## Description of the task
Leave the pictures aside and copy all the data exactly.

## Source data
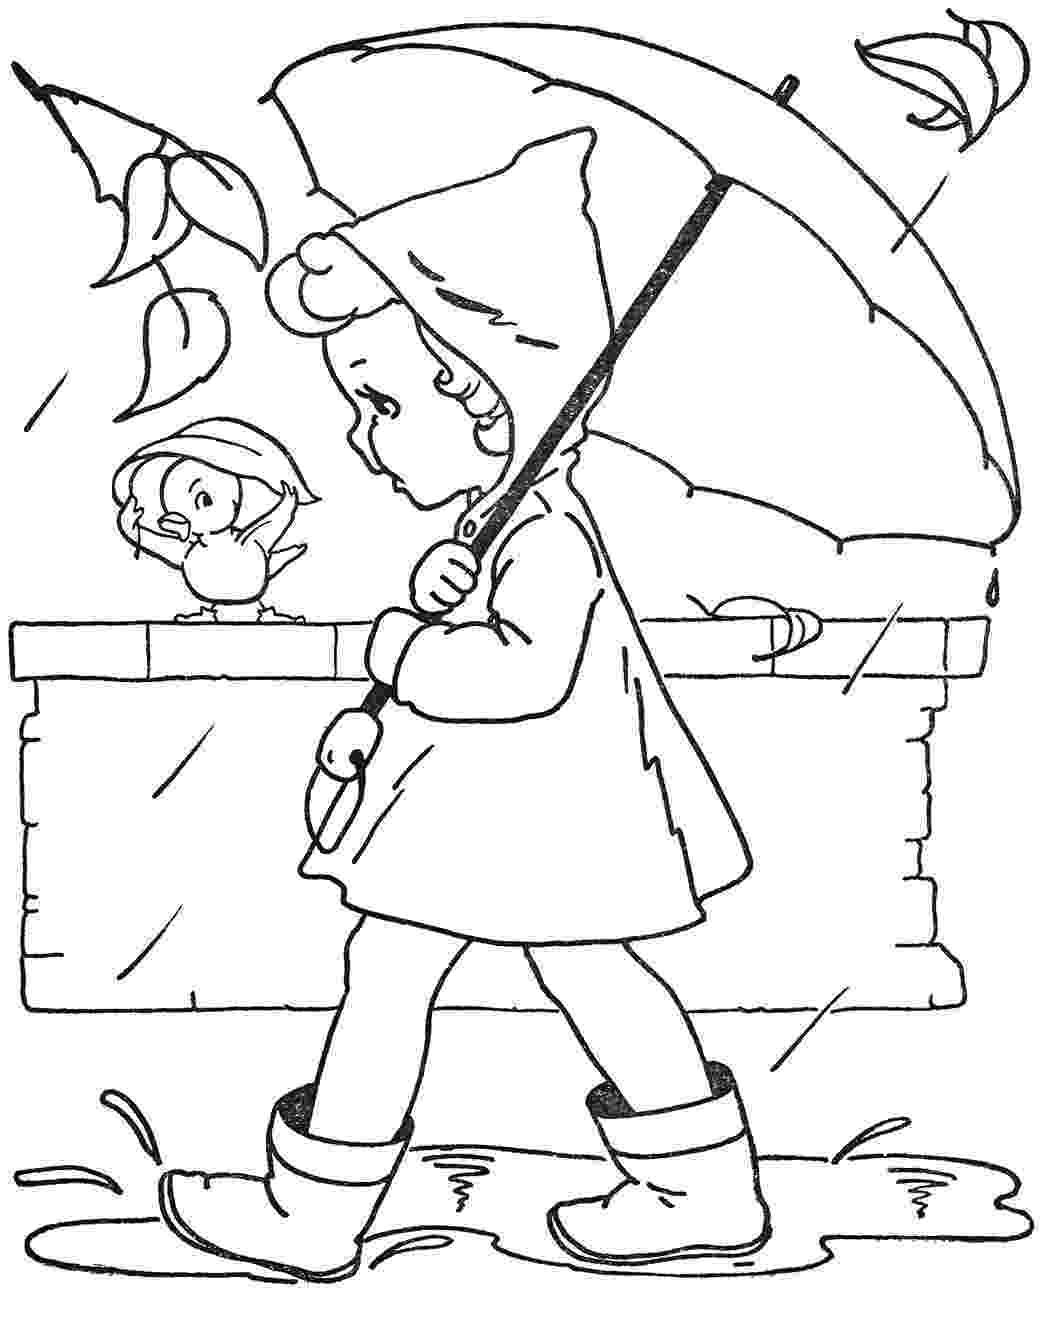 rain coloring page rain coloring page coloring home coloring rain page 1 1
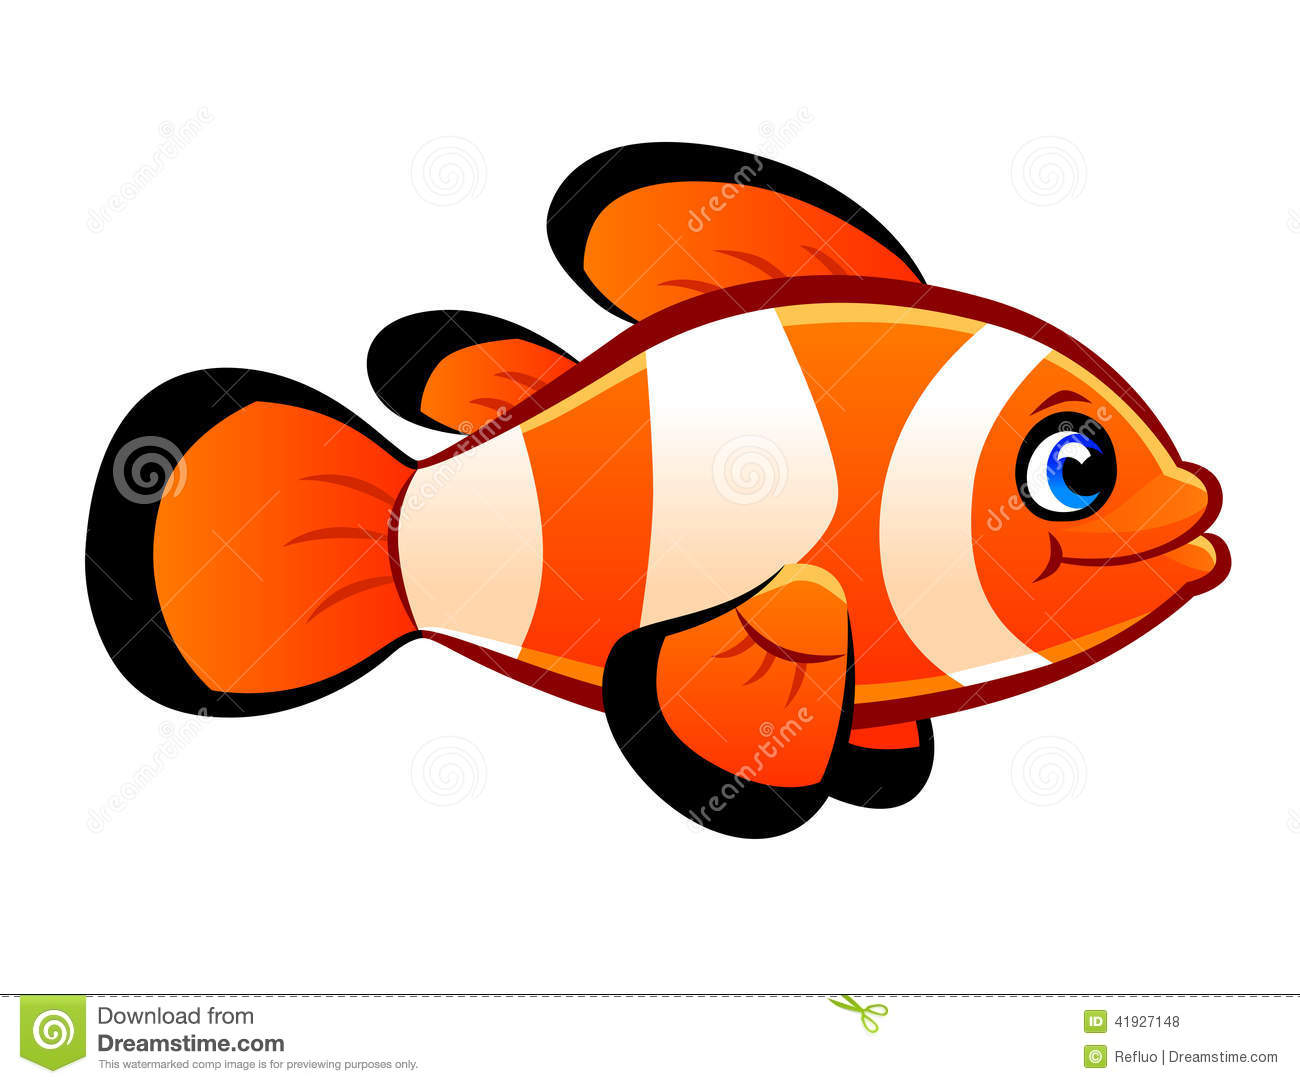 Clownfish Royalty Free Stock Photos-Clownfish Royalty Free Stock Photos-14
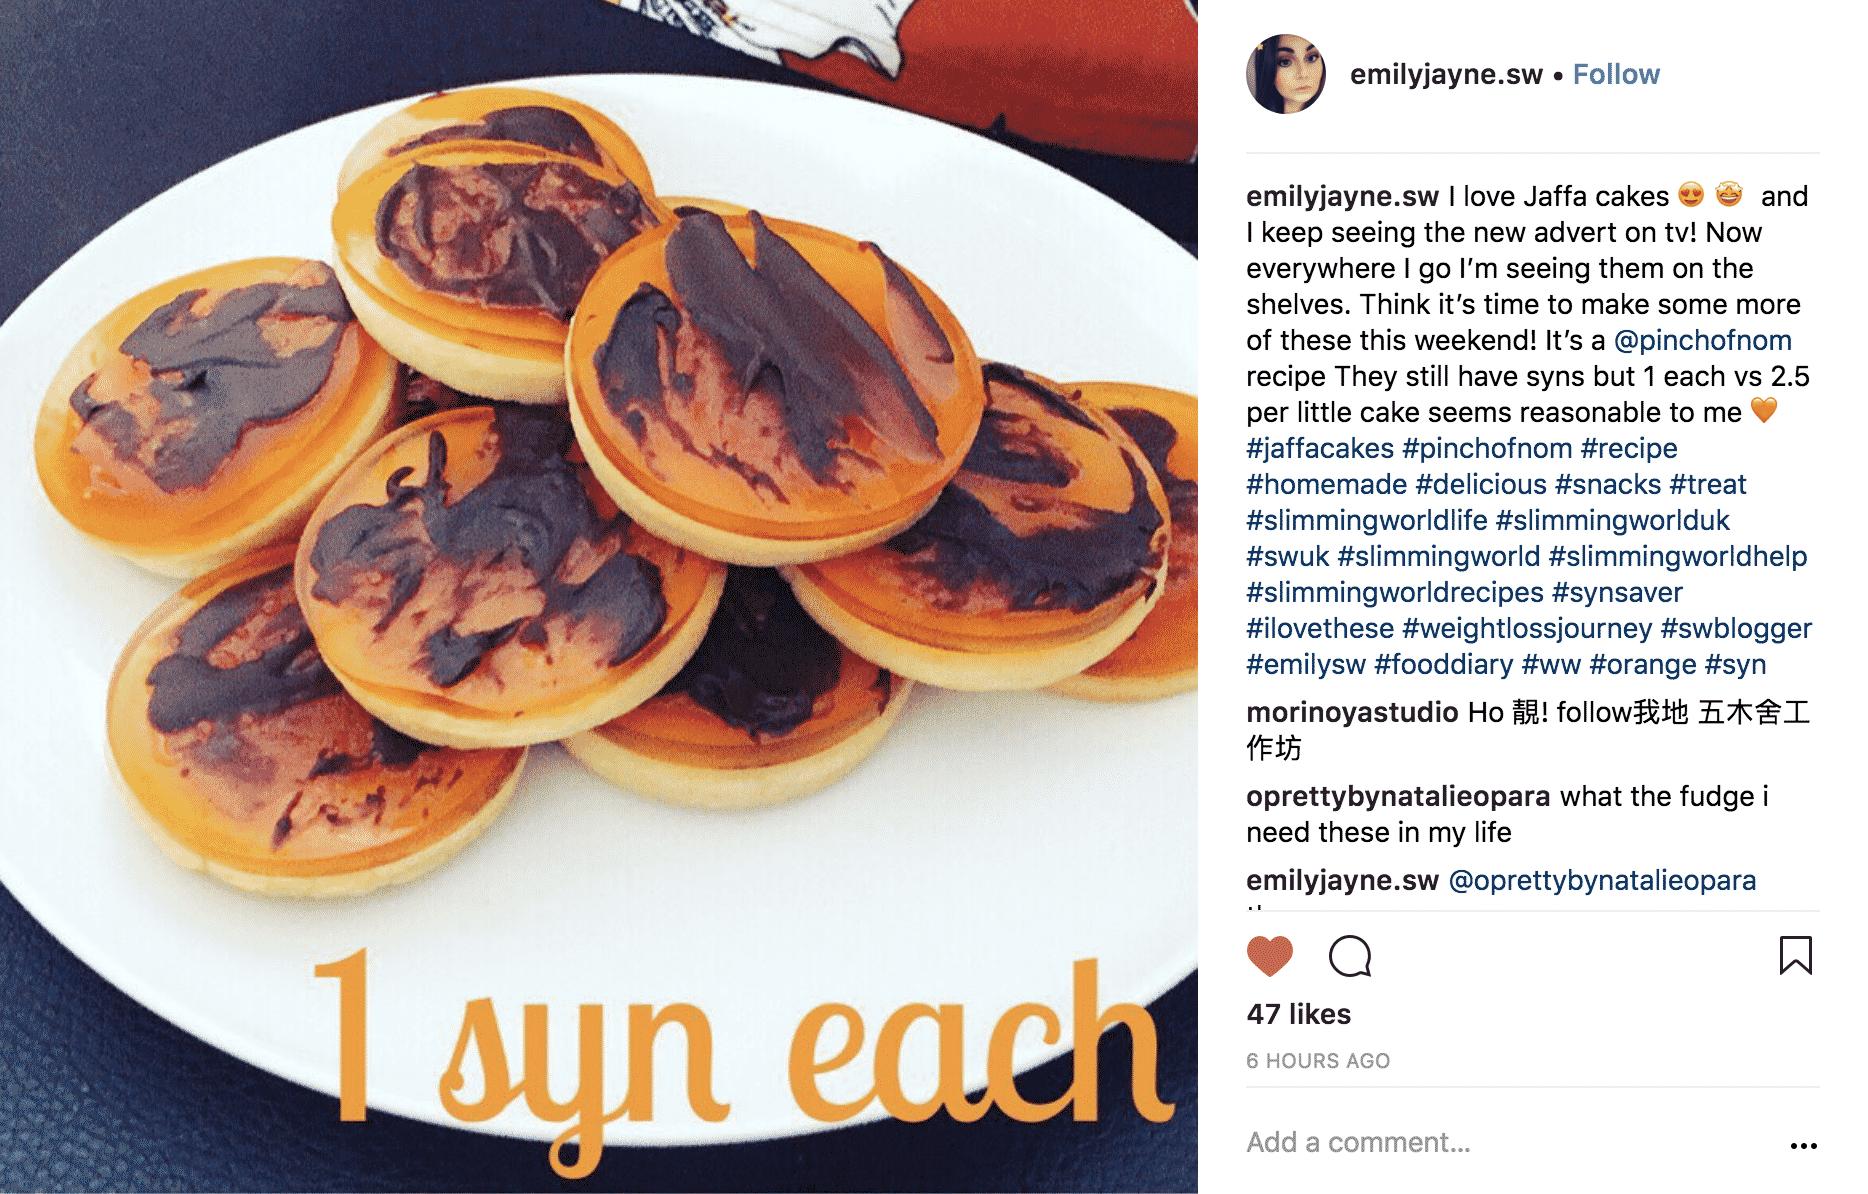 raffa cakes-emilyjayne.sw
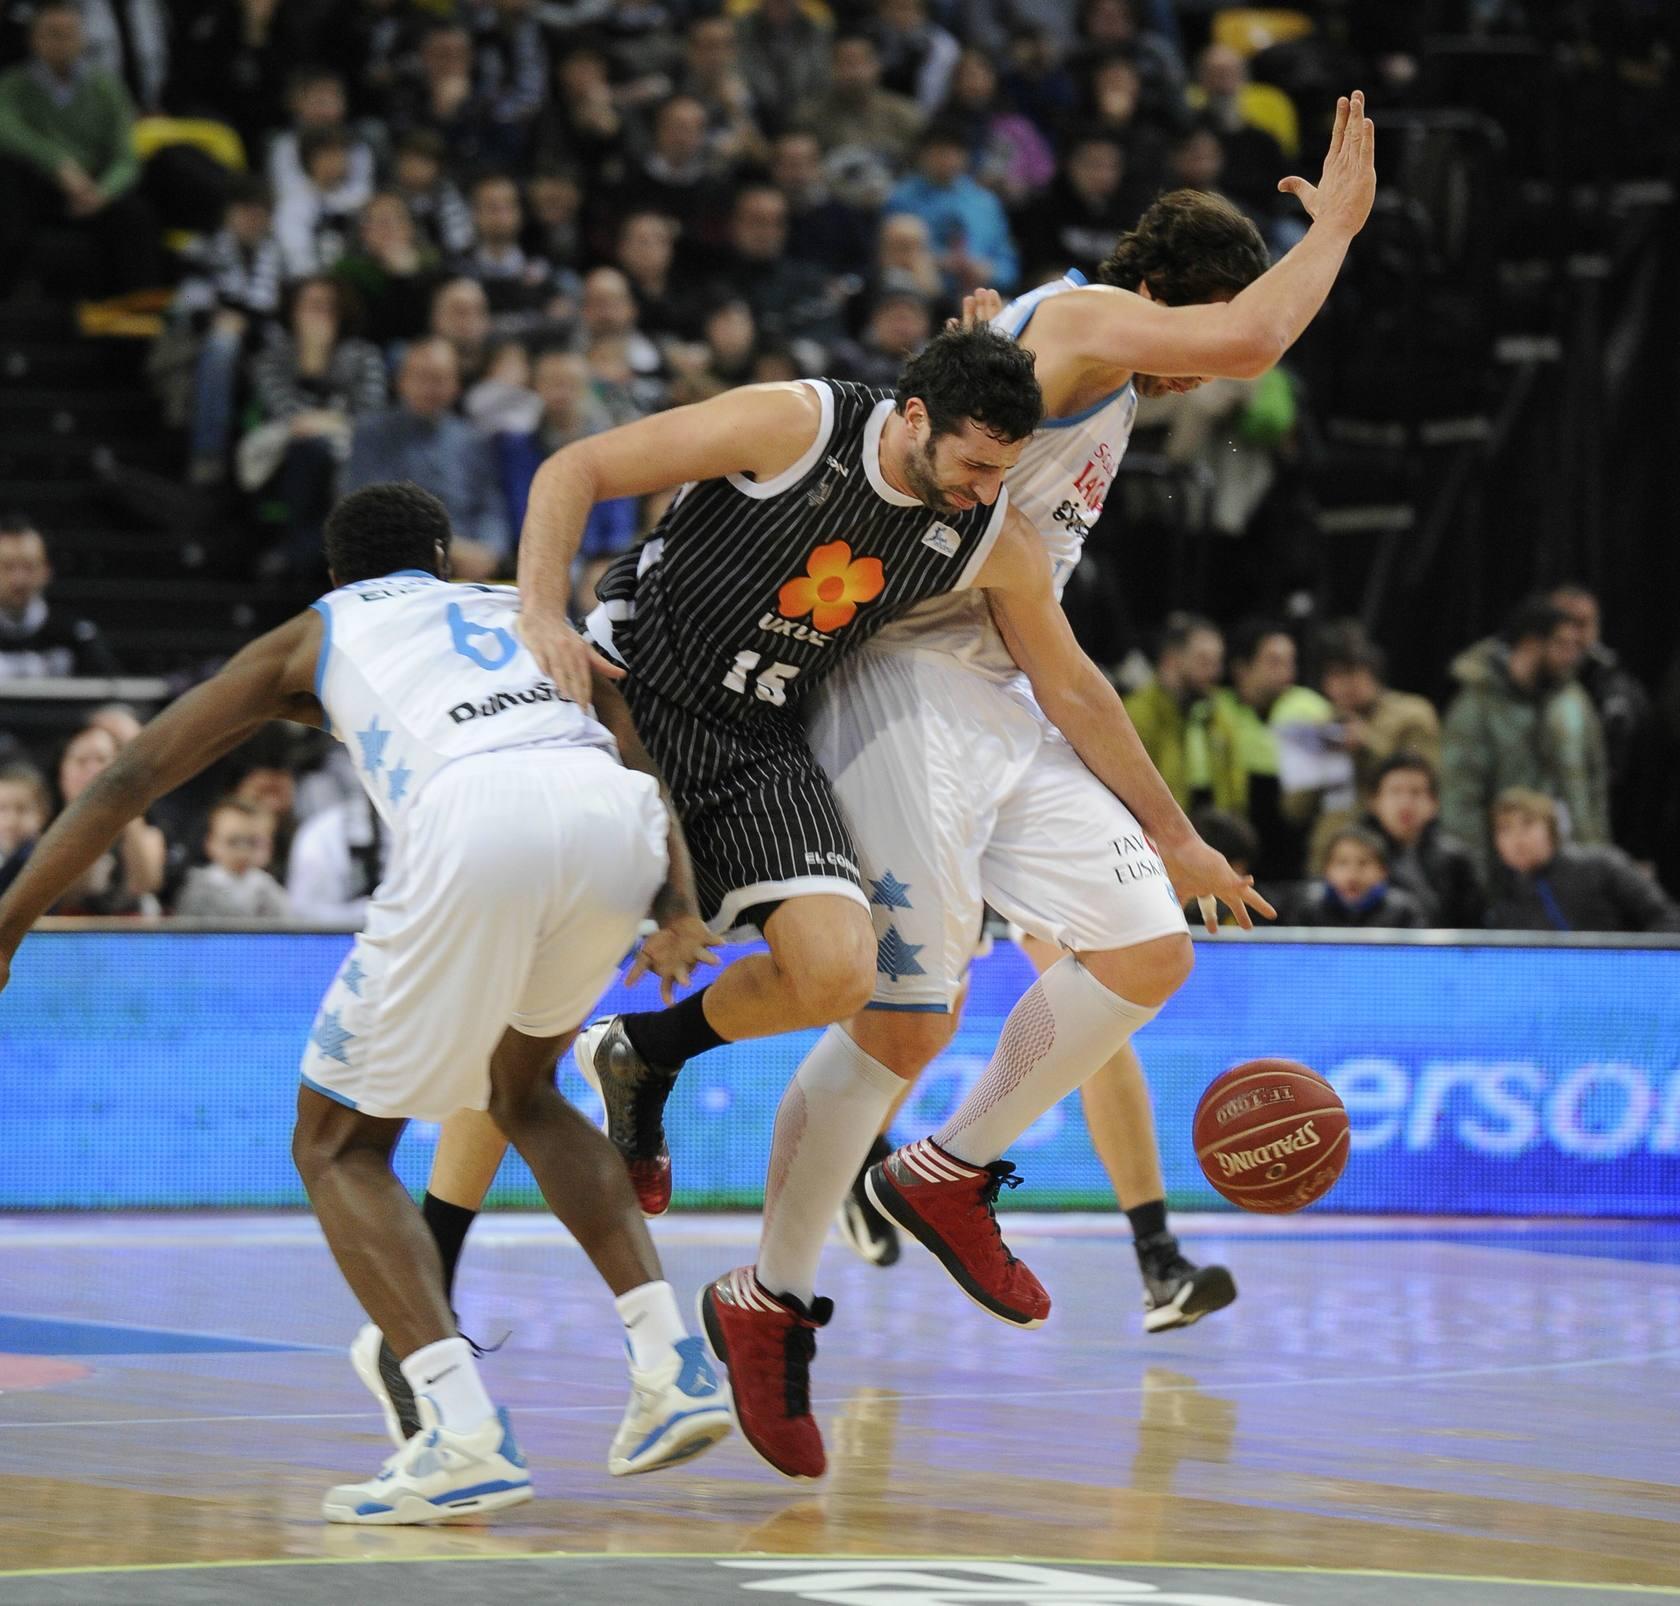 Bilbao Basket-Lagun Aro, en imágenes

## Exercise answer
 rain coloring page rain coloring page coloring home coloring rain page 1 1
 Clownfish Royalty Free Stock Photos-Clownfish Royalty Free Stock Photos-14
 raffa cakes-emilyjayne.sw
 Bilbao Basket-Lagun Aro, en imágenes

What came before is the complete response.